Values presented on the balance sheet are seen as book values or the cost of the asset at the time of acquisition and therefore does not represent the current or market value. Its market value is the cost at which a company could sell their assets in current markets today.

As a result of this a distortion in the value of assets is created as the value of money changes. The time frame between the acquisition of an asset and the use of an asset to create revenue for an entity also creates a distortion particularly in the measurement of income. Therefore, a large difference can be seen in the acquisition cost and current cost of fixed assets such as stocks when costs are matched against revenue. ...............................

A disadvantage associated with historical cost accounting is the issue of purchasing power. Purchasing power is the number of goods or services that can be bought with one particular unit of currency.

The balance sheet portrays assets and liabilities at the cost at which they were bought however they may have been bought at different periods of times with different levels of purchasing power. If no common level of purchasing power is assumed and hence no common denominator, asset values that are added together in the balance sheet will produce an incorrect total asset value. As a result of this, interpretation problems may be caused when assessing a company's valuation of assets particularly when considering external factors such as inflation and the exchange rate.

Another main disadvantage is the change in the level of inflation over time. Inflation is an important factor that affects the values resulting from historical cost accounting; as general prices rises historical values will hold no resemblance to current values and hence an overstatement is made when measuring income. In relation to the balance sheet, an overstatement in income will result in an over optimistic profit level, this will also be reflected in the profit and loss accounts. The validity of historical costs can be questioned here as the assumption that currency will remain stable and hence purchasing power, creates uncertainty in the values shown on the balance sheet.

The effects of inflation vary between different business organisations and therefore figures in historical accounts create a difficulty when comparing assets values with competition. Inflation therefore creates a limit to the usefulness of historical cost accounting when measuring and comparing current profit levels and real asset values.

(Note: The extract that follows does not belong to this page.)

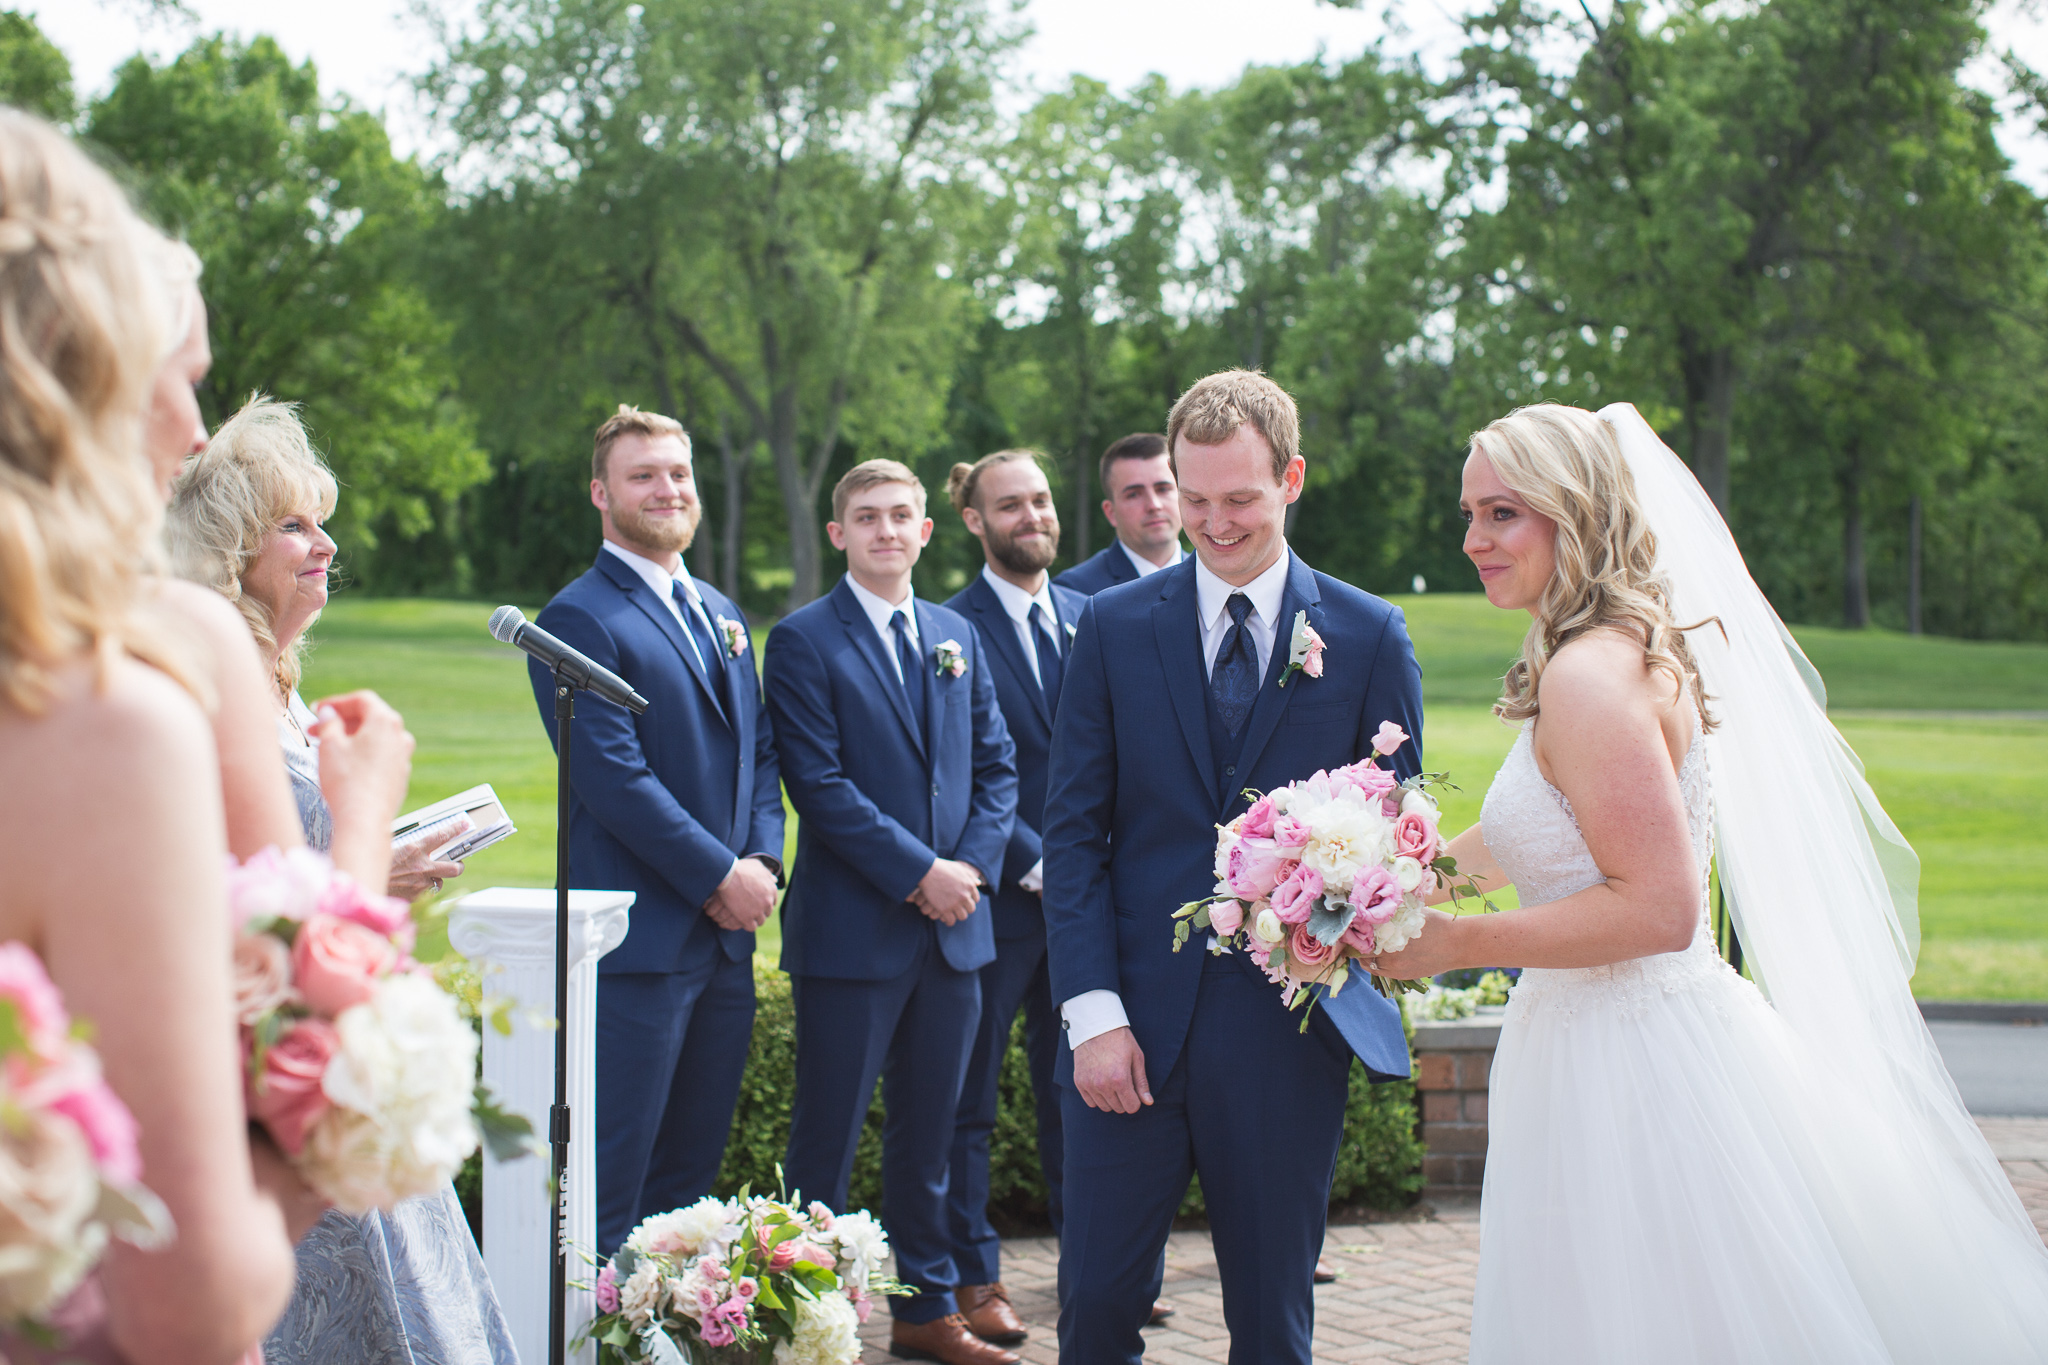 077-best-detroit-michigan-outdoor-wedding-photographer.jpg

Furthermore, historic costing may lead to incorrect depreciation charges for a company's assets. Depreciation is "the systematic allocation of the depreciable amount of an asset over its useful life, the depreciable amount is cost less residual value" (Weetman, 2006:G3). Historic costing assumes an assets life expectancy beforehand at the time of purchase however, this may have changed since then due to many factors such as wear and tear, maintenance, and external factors hence depreciations charges would be different as would the true value of the entity. Incorrect depreciation charges will also affect the profit and loss accounts and balance sheet as the carrying value of the asset may change with time.

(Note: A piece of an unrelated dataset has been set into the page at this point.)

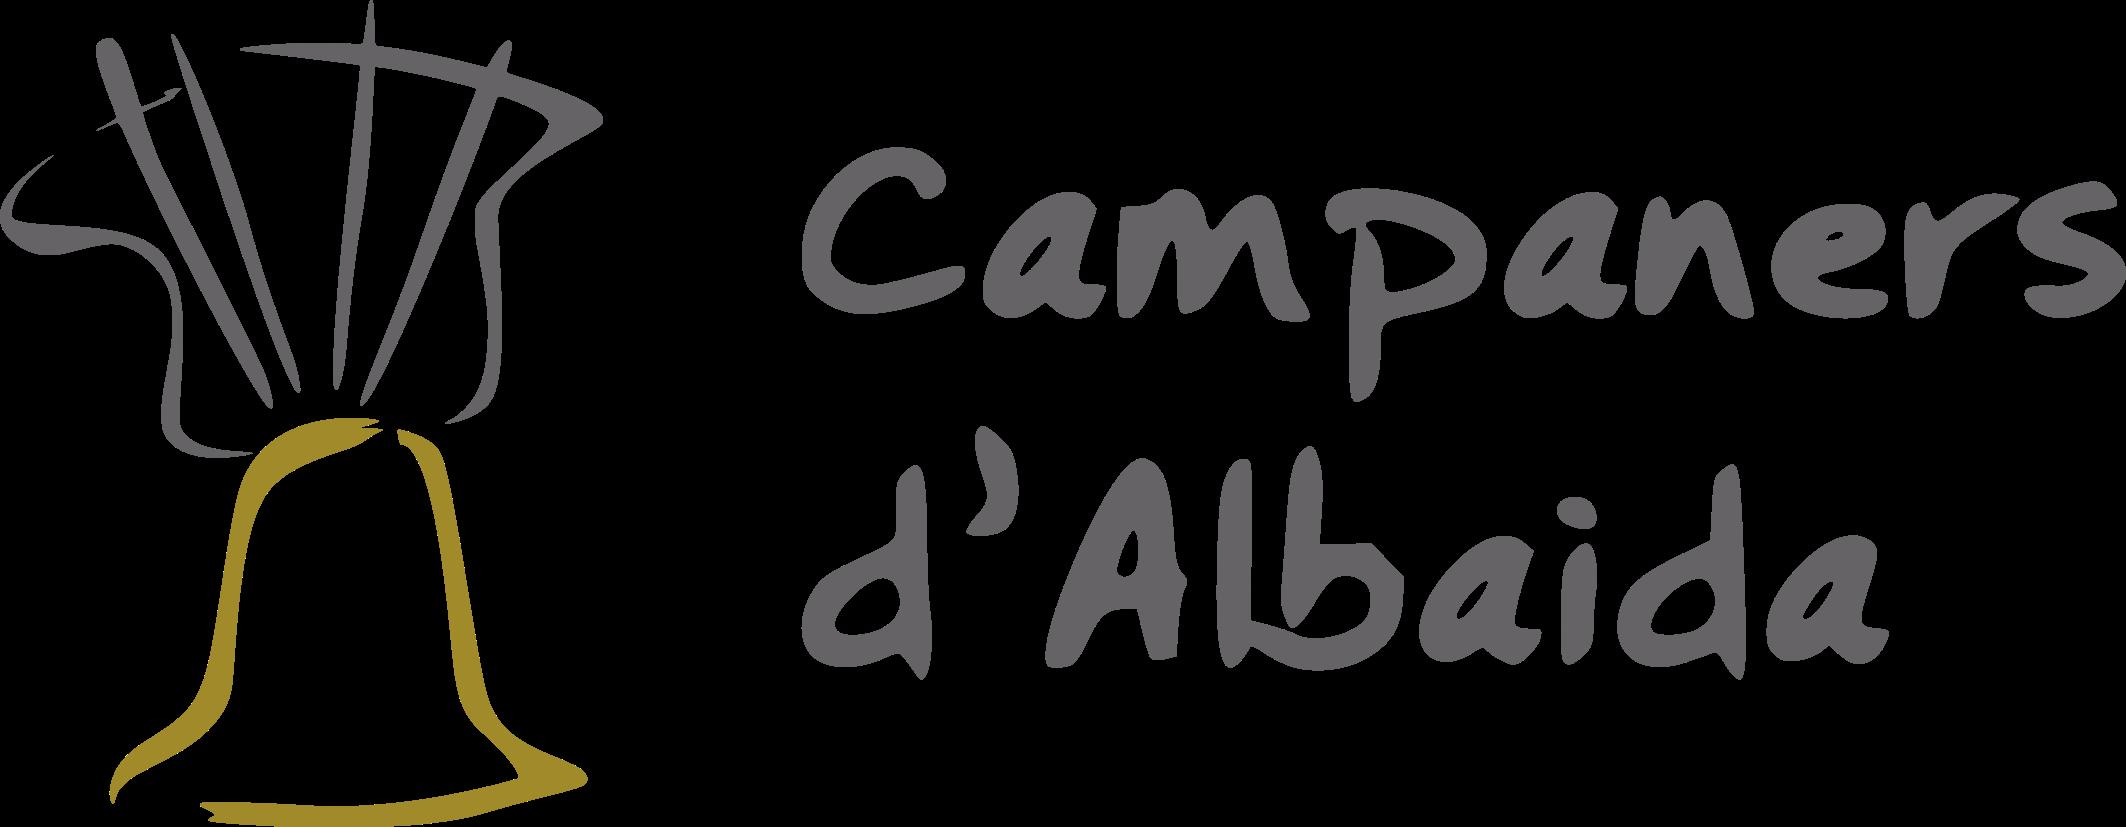 Campaners d'Albaida

There are many alternative methods to historical cost accounting that have been saught out to reduce the number of flaws in the system such as replacement cost accounting and current asset accounting. However none have proved to be as reliable as historical cost accounting and therefore it continues to be used by many accounting bodies and is approved of by the IASB.

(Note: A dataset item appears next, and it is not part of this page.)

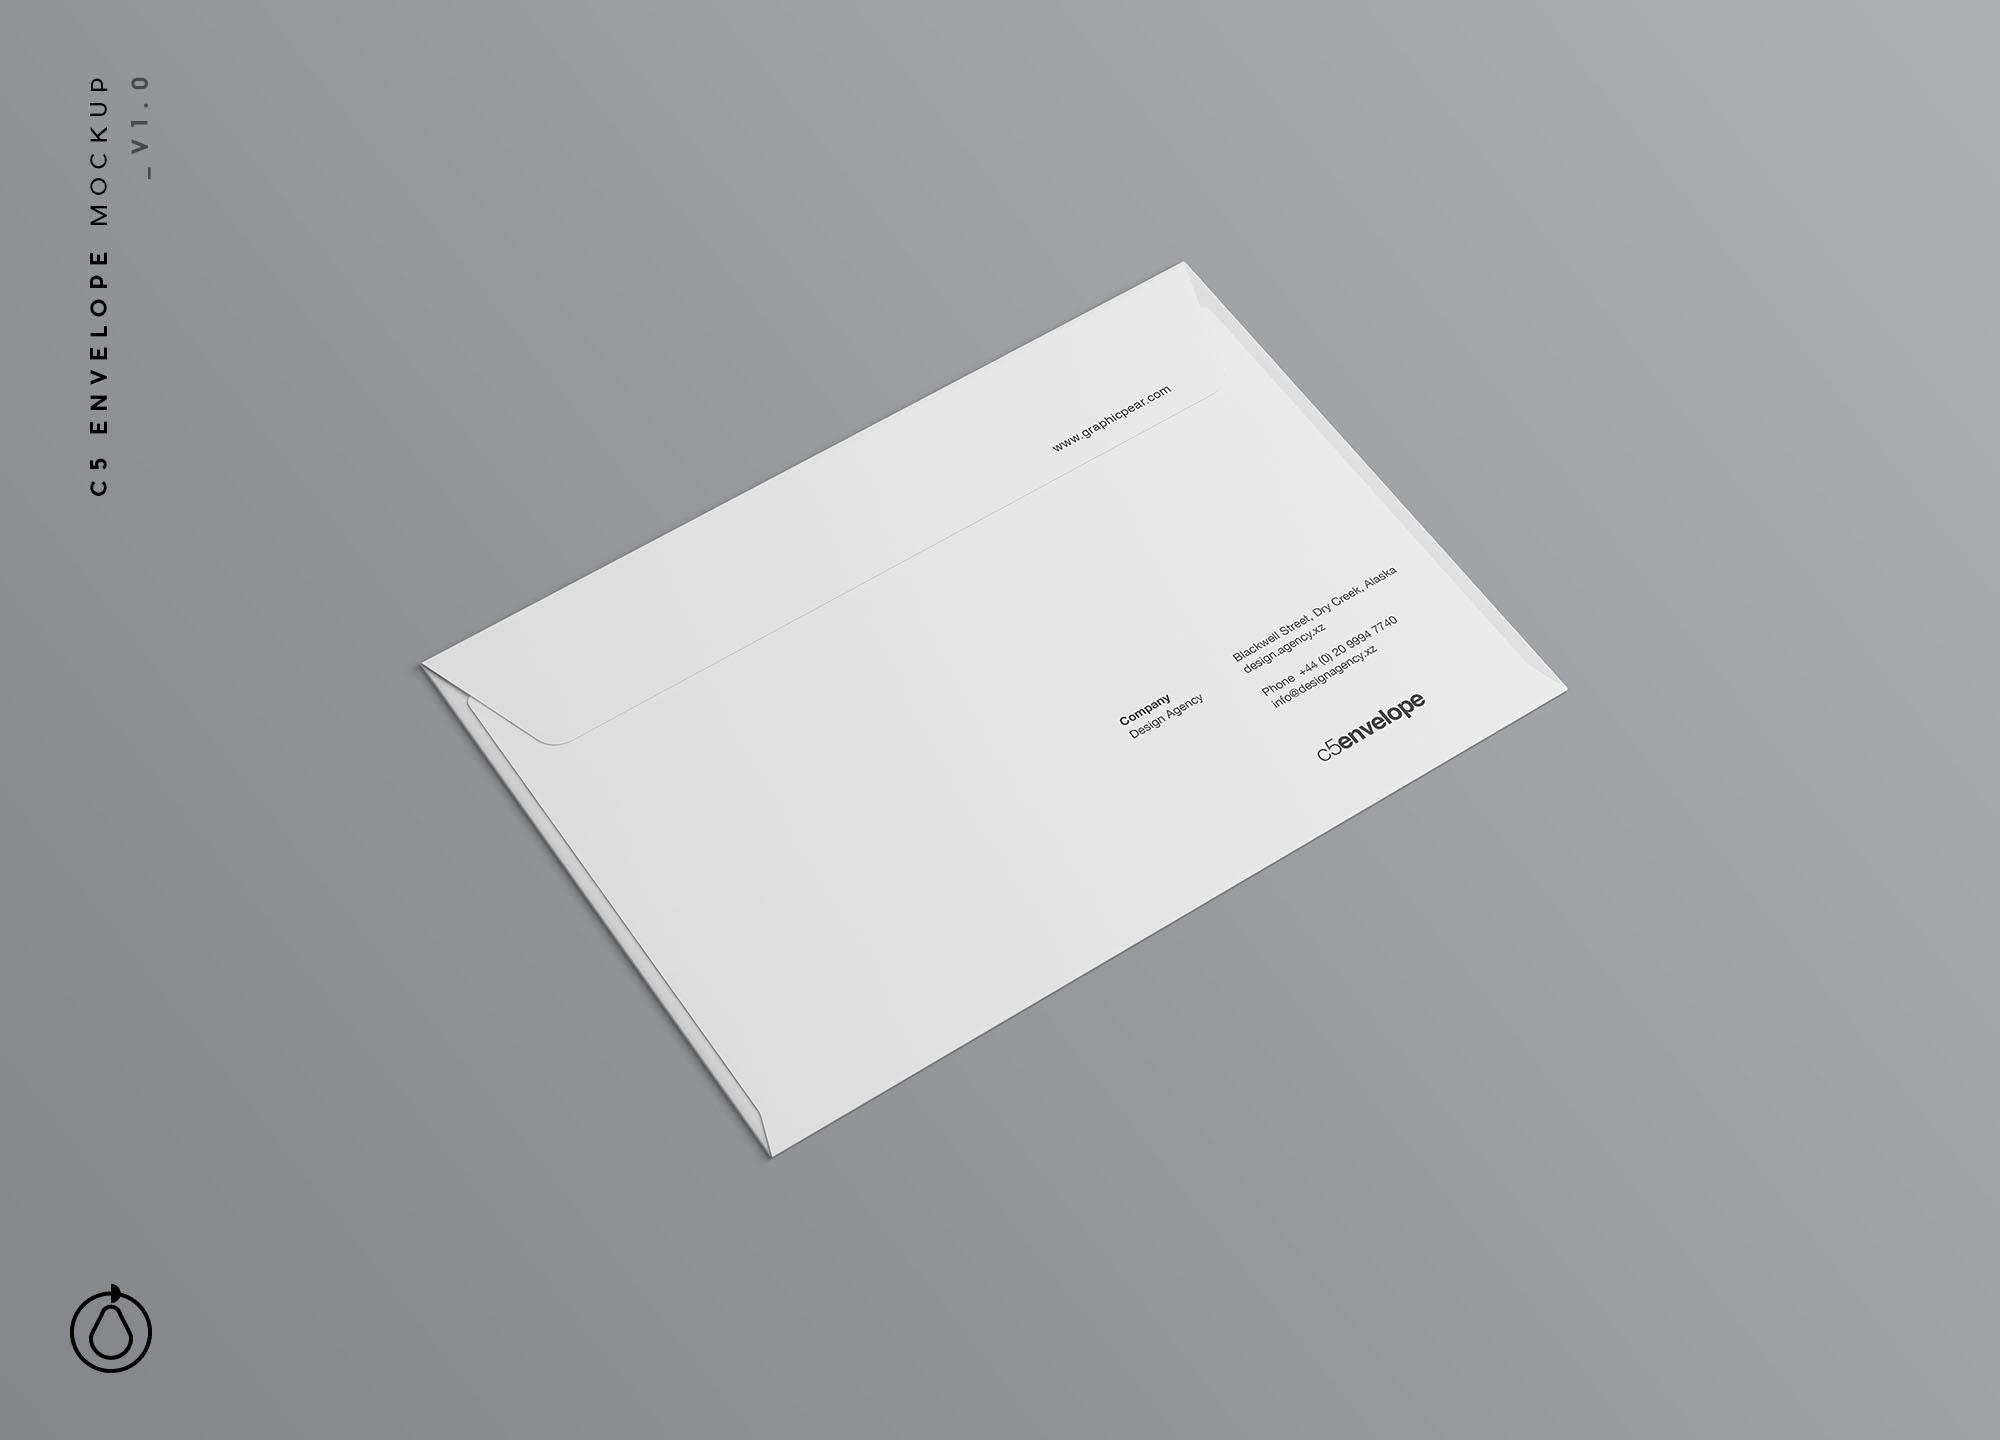 C5 Envelope Mockup PSD

Considering these criticisms discussed above, there is one particular advantage to historical cost accounting which causes a general adherence by many UK companies to continue using these methods. It is a reliable and verifiable; the monetary value of the transaction is known and therefore in relation to cash flow statements the outflow and inflow of cash is known. Definite values of asset and liabilities are presented and therefore provide a greater level of certainty for the business. The data is not subjective and hence eliminates data interpretation and levels of inaccuracy. Data can be extrapolated and future values predicted, however as inflation and depreciation are considered these values become distorted and the true valuation of transactions becomes hard to measure.

There are many alternative methods to historical cost accounting that have been saught out to reduce the number of flaws in the system such as replacement cost accounting and current asset accounting. However none have proved to be as reliable as historical cost accounting and therefore it continues to be used by many accounting bodies and is approved of by the IASB.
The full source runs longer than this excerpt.